# I Give Up, Help Please!



## peteslag (Mar 23, 2011)

I've had problem after problem with a waltham "electronic" watch with an ESA 9154 movement. It worked fine for the first few weeks, then stopped, then worked for a short while, now has completely packed up :wallbash: . It is a present for someone and I could do with having it fully functional ASAP.

Is there anyone using the forum that can repair it for a modest fee? Please contact me at:

[email protected]

It will have to be my hotmail account, I can't seem to access the messenger service on this forum for some strange reason.


----------



## GASHEAD (Aug 27, 2009)

Hi, and welcome. Try clicking the Electric Watches banner at the top of the watch. Paul is a real expert.


----------



## peteslag (Mar 23, 2011)

Excellent info, many thanks.


----------



## mel (Dec 6, 2006)

Yes, Ask Paul, world renowned is he :yes:

You can't access the Private Message system untill you have at least 50 postings under your belt, forum rules.

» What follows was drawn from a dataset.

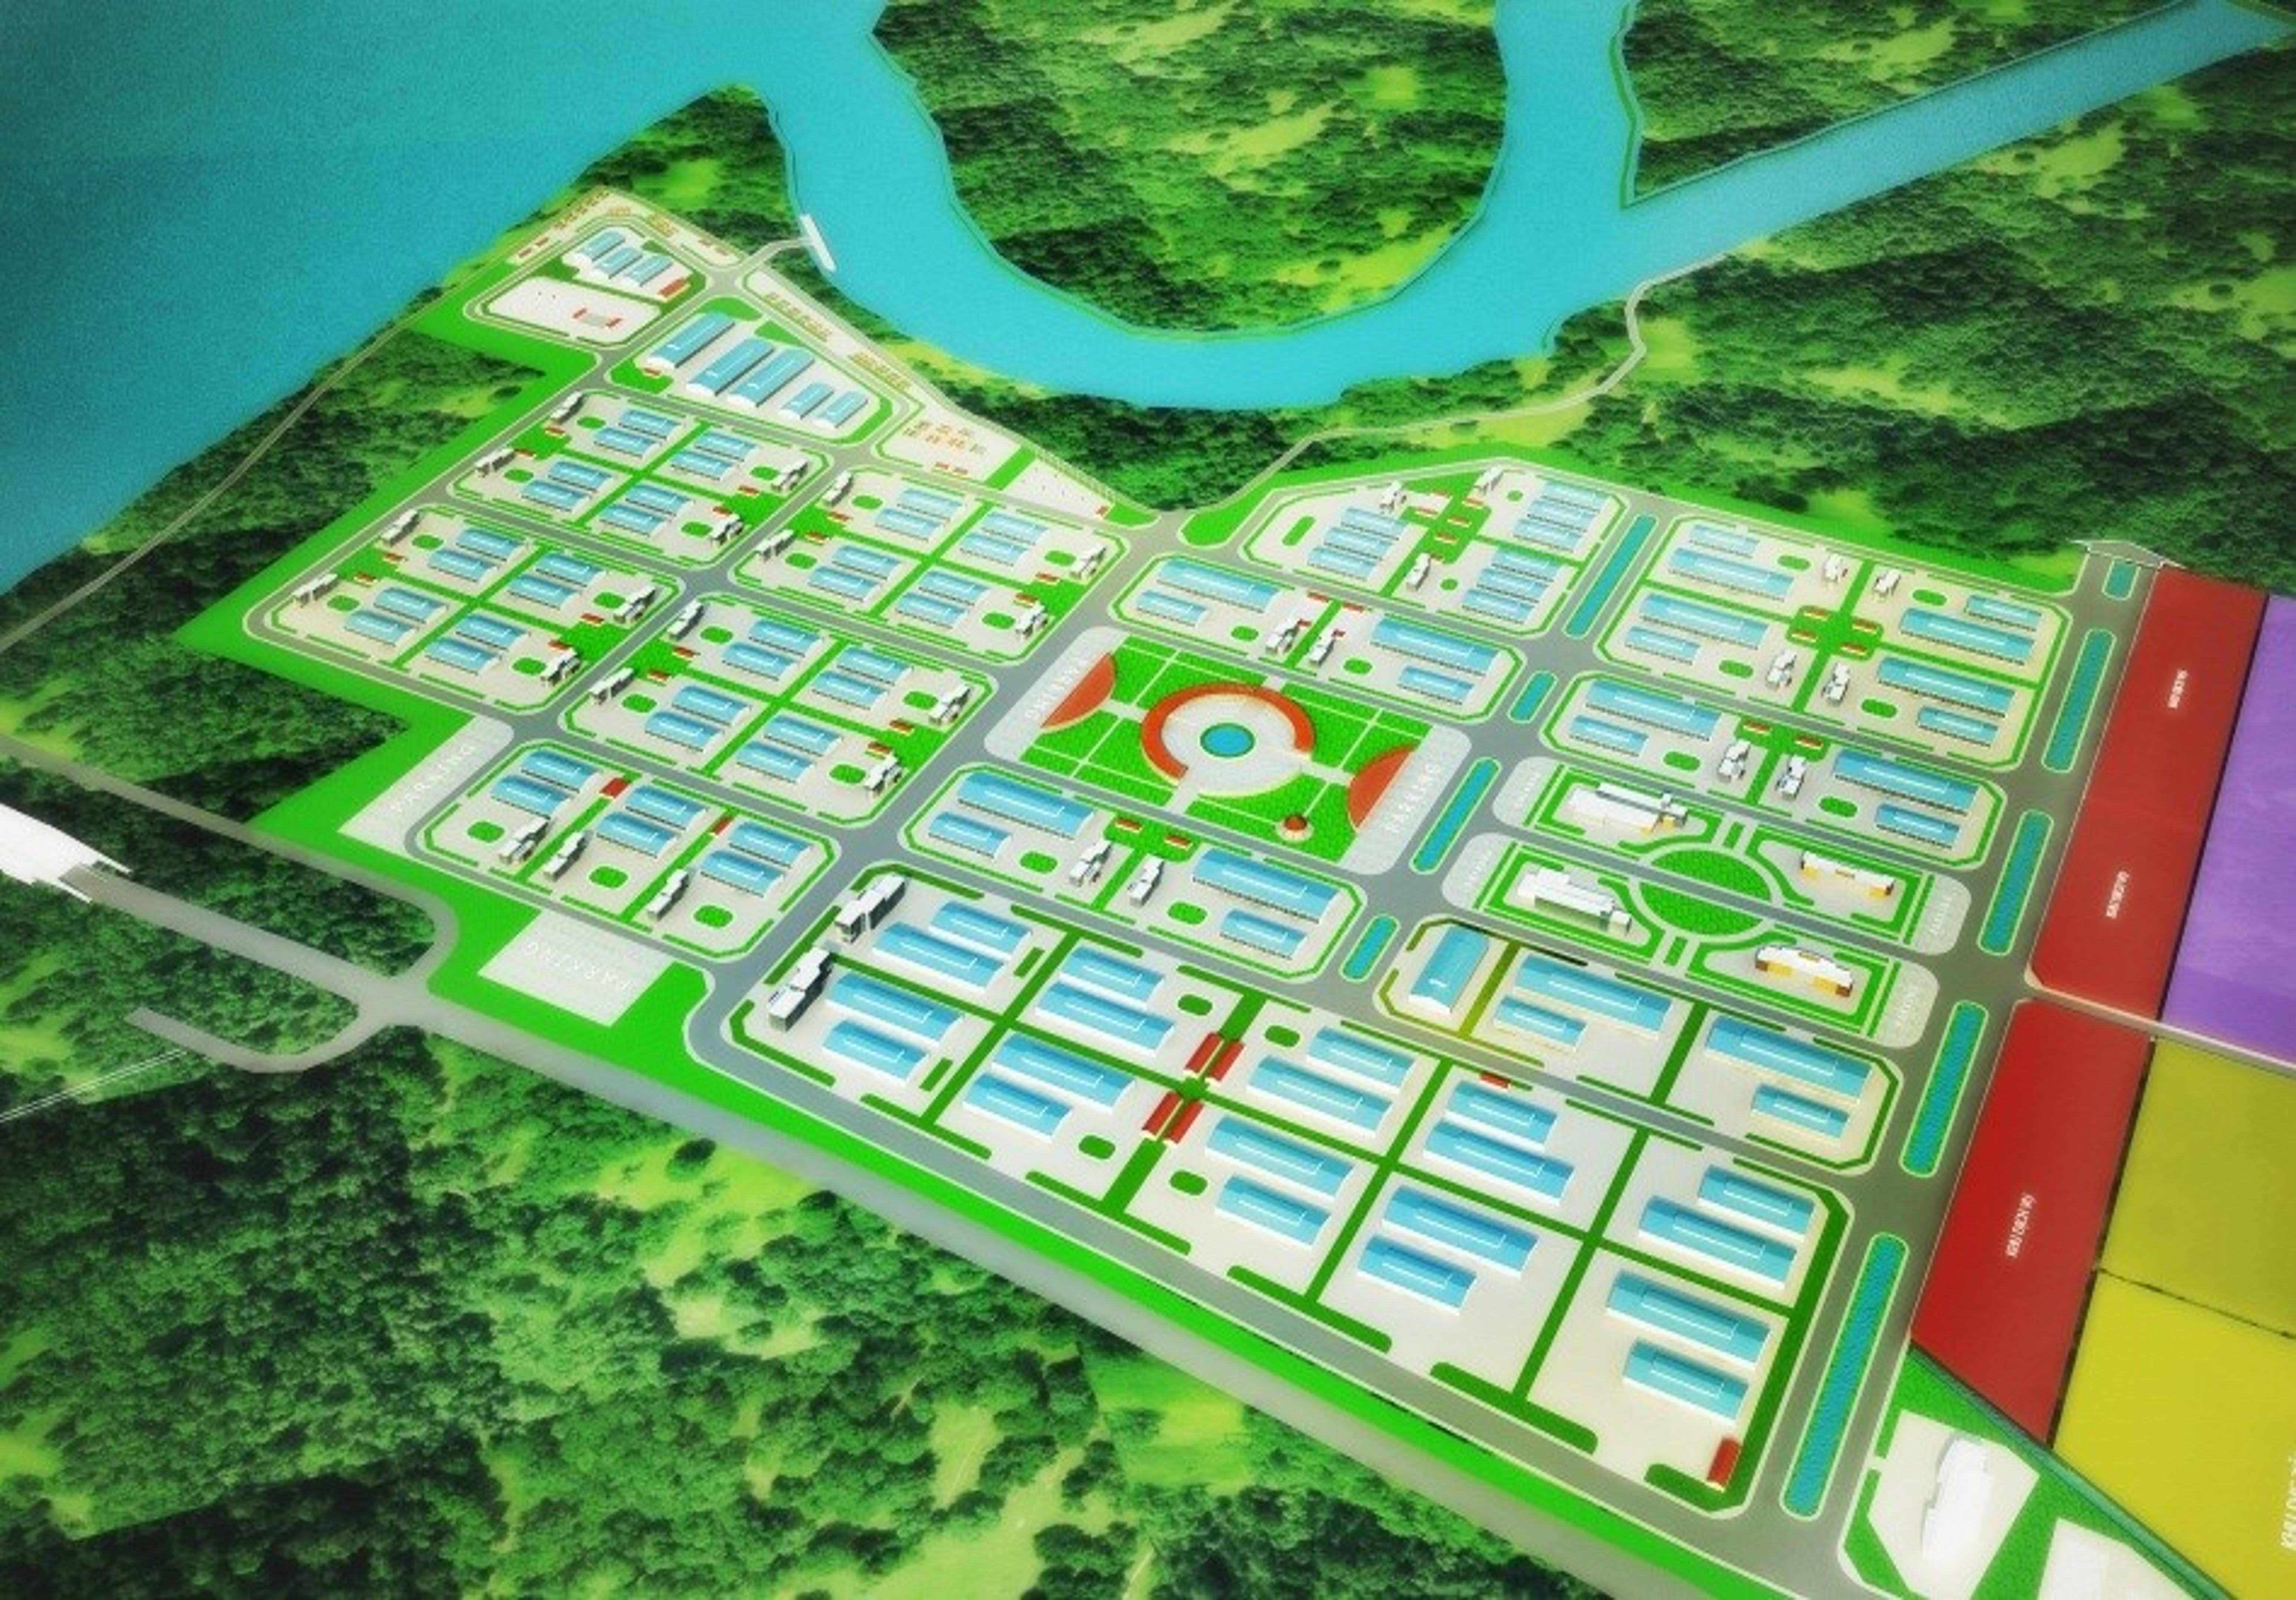 Co Chien Industrial Park

Likewise you cannot use the Sales Section and a couple of other features till we "know" you a bit! :lol:


----------



## SharkBike (Apr 15, 2005)




----------



## Steve R (Sep 29, 2007)

:clap: Busy day Rich?!


----------



## SharkBike (Apr 15, 2005)

It goes back to this thread...

I Knew Him Before He Was Famous


----------



## Steve R (Sep 29, 2007)

Haha! Fantastic! Missed that one first time around... I'm sure Paul will be along shortly to thank you for bringing it back to light!


----------



## peteslag (Mar 23, 2011)

I sent the watch on Friday, had it back on Tuesday fully repaired and serviced.

All hail Paul!


----------